Medical Writer – Regulatory and Clinical Documentation
Location: Mumbai, Pune, Bangalore, Hyderabad, India
Department: Business Process Services / Medical Writing
Employment Type: Full-Time
Experience Required: 3–12 years (overall experience range: 2–7 years considered)
Application Deadline: 30 April 2026
Education Required: Life Sciences Graduate (B.Pharm, B.Sc, M.Pharm, M.Sc or equivalent)
Job Overview
A leading global organization is seeking experienced Medical Writers to support clinical and regulatory documentation for pharmaceutical and life sciences projects. This role focuses on the preparation, review, and quality assurance of clinical documents for regulatory submissions while ensuring scientific accuracy, compliance with global regulatory standards, and adherence to internal standard operating procedures. The position requires strong collaboration with cross-functional study teams and expertise in clinical research documentation.
Key Responsibilities
Clinical and Regulatory Documentation
Perform quality checks of clinical documents prepared for regulatory submissions, including study protocols, clinical study pharmacology reports, clinical study reports, patient narratives, clinical summaries of safety, clinical summaries of efficacy, and Common Technical Document (CTD) modules.

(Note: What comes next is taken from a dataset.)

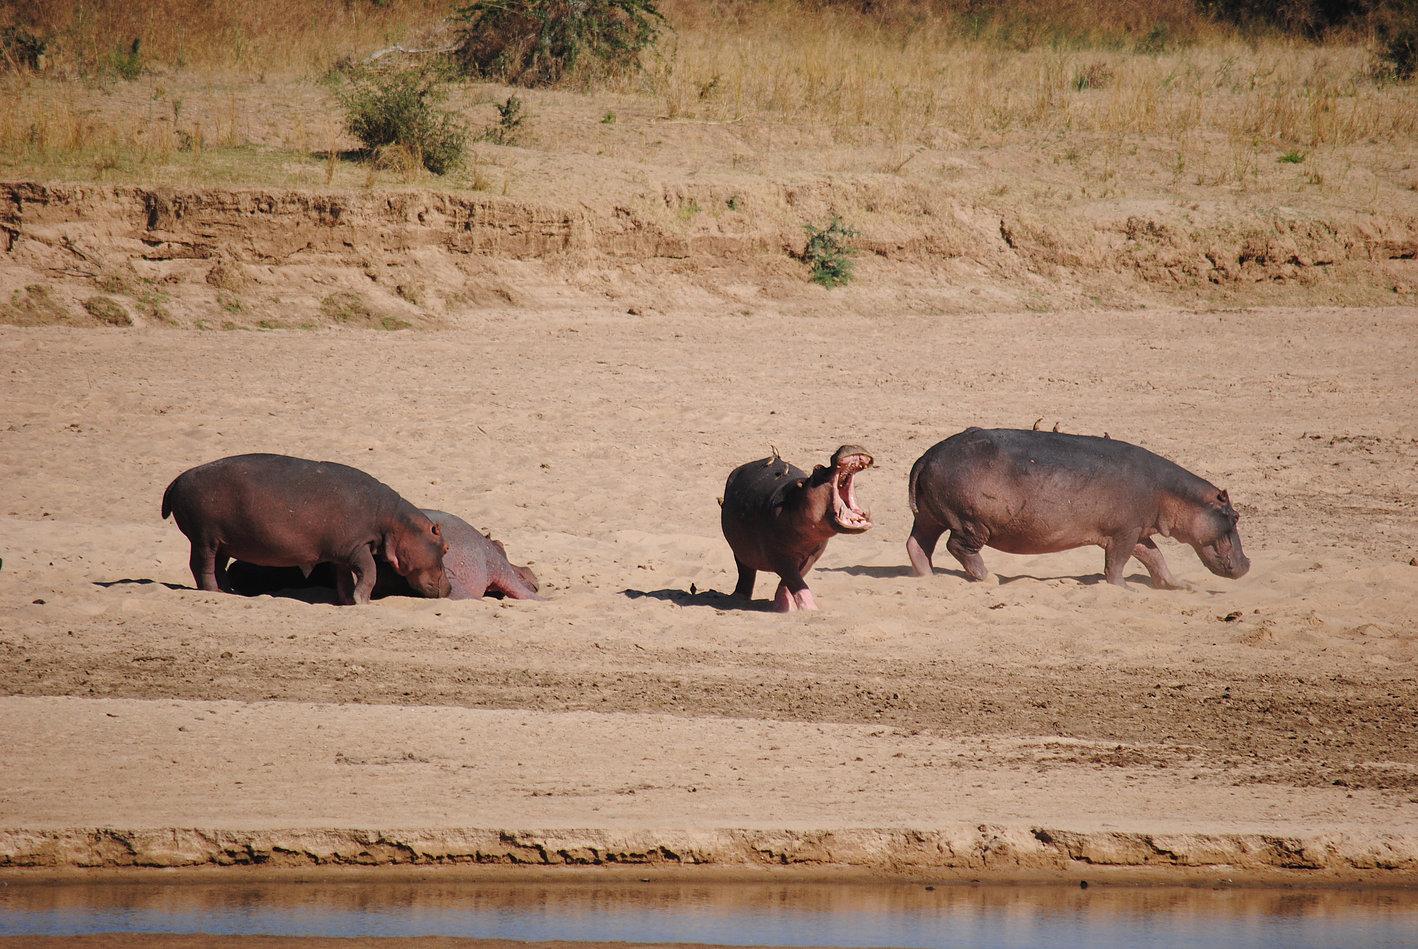 bucket-list African adventures, walking safari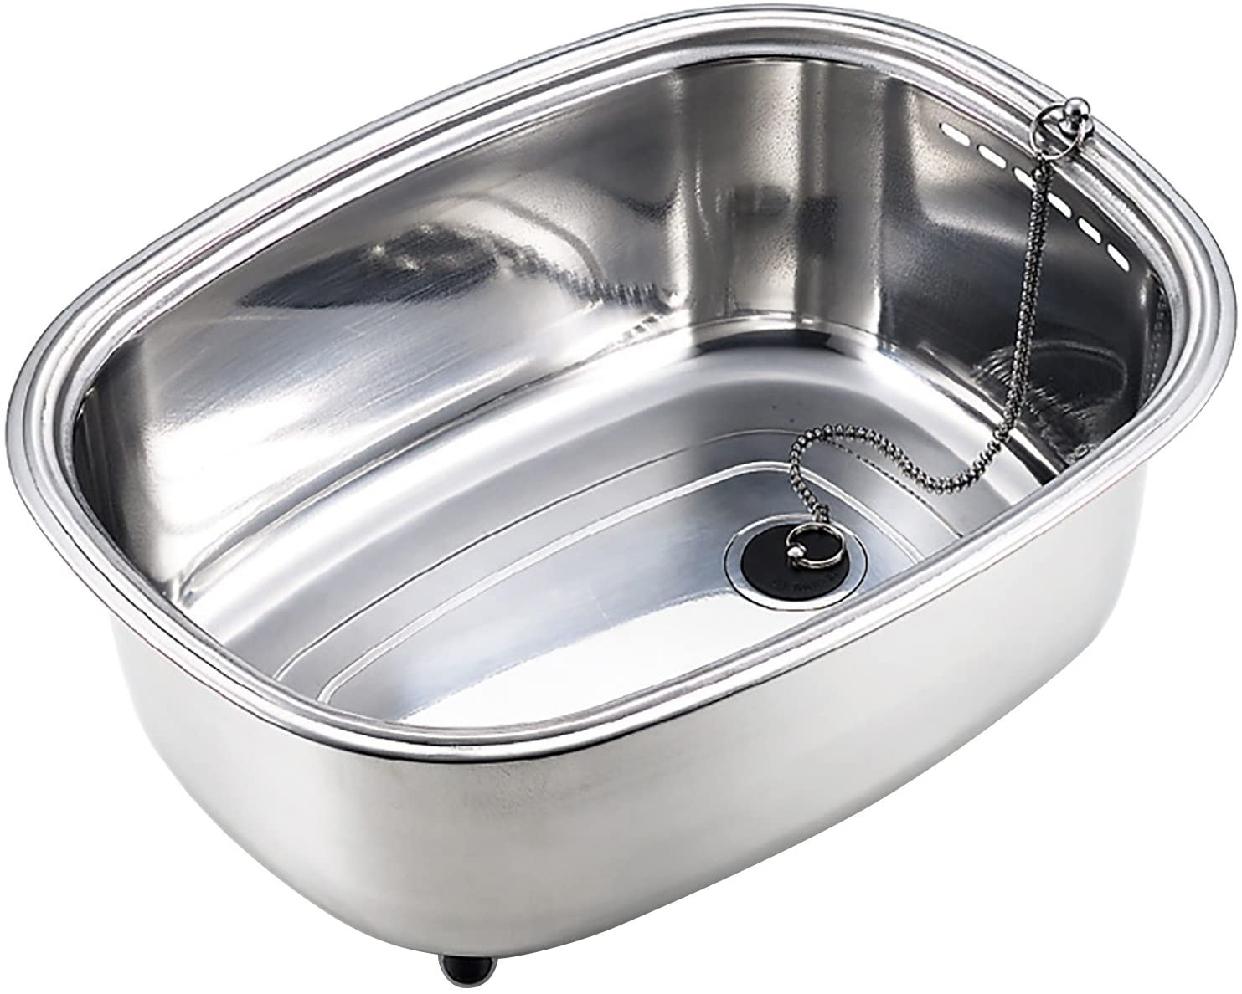 Arnest(アーネスト) 脚付 ステンレス 洗い桶 中栓付き A-75435 ステンレスの商品画像

Prepare and develop clinical and regulatory documents in compliance with organizational SOPs, document standards, and regulatory guidance.
Project Coordination and Stakeholder Collaboration
Initiate and participate in start-up meetings with study teams for clinical document development.
Collaborate with internal and external stakeholders to ensure accurate and timely development of clinical documentation.
Communicate and manage project timelines with study teams to ensure timely deliverables.
Scientific Review and Content Management
Review statistical analysis plans, tables, figures, and listings as required.
Ensure consistency, scientific accuracy, and clarity across regulatory and clinical documents.
Maintain uniformity in scientific content and ensure compliance with global regulatory requirements.
Quality Assurance and Compliance
Ensure all documentation meets regulatory standards and submission requirements.
Maintain document quality, accuracy, and consistency throughout the medical writing process.
Education Requirements
Bachelor’s or Master’s degree in Life Sciences, Pharmacy, or related disciplines such as B.Pharm, B.Sc, M.Pharm, or M.Sc.
Experience Requirements
3–12 years of experience in medical writing, clinical documentation, or regulatory writing within the pharmaceutical or healthcare industry.
Practical experience in preparing or reviewing regulatory submission documents is preferred.
Understanding of clinical research processes and regulatory documentation standards.
Required Skills and Competencies
Strong knowledge of clinical research and regulatory submission documentation.
Excellent scientific writing and documentation skills.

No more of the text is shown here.